Task data Block Start

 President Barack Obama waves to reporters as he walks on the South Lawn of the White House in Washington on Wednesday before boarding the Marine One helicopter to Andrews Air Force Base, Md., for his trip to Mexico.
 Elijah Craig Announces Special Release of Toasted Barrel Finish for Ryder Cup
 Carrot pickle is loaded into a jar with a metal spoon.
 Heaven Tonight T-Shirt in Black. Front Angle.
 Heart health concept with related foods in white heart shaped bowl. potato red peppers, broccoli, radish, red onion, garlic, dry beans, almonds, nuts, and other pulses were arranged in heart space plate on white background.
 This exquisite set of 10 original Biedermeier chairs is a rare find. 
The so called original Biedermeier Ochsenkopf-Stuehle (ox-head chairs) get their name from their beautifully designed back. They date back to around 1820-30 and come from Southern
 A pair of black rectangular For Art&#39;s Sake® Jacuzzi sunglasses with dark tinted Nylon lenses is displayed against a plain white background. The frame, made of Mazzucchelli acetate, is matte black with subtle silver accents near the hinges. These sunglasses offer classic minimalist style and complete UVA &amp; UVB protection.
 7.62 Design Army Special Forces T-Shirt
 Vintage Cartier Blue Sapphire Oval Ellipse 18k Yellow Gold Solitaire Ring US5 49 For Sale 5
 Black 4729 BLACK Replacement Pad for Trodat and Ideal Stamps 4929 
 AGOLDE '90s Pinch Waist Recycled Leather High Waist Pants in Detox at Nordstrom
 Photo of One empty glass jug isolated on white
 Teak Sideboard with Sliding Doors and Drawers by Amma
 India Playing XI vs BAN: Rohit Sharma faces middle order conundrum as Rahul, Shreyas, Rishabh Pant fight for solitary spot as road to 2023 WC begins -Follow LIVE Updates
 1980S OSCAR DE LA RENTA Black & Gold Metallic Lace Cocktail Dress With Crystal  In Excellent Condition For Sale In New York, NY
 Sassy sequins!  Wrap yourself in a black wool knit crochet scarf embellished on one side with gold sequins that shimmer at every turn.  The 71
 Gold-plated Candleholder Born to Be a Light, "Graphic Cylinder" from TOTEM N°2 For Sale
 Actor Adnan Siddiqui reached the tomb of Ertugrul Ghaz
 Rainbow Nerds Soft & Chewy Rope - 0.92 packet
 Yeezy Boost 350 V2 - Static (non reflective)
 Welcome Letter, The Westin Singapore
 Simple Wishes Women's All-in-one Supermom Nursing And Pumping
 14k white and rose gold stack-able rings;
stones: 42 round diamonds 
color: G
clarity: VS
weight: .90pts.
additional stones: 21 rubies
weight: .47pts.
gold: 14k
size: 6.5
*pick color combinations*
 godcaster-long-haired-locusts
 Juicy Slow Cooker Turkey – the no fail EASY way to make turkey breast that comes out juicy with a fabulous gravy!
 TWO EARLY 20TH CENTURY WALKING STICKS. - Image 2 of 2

Task data Block End

▸ Work request:
Reproduce precisely, and with no line left out, each line from the top of the entries through the line that carries "Heaven Tonight T-Shirt".

▸ Expected answer:
 President Barack Obama waves to reporters as he walks on the South Lawn of the White House in Washington on Wednesday before boarding the Marine One helicopter to Andrews Air Force Base, Md., for his trip to Mexico.
 Elijah Craig Announces Special Release of Toasted Barrel Finish for Ryder Cup
 Carrot pickle is loaded into a jar with a metal spoon.
 Heaven Tonight T-Shirt in Black. Front Angle.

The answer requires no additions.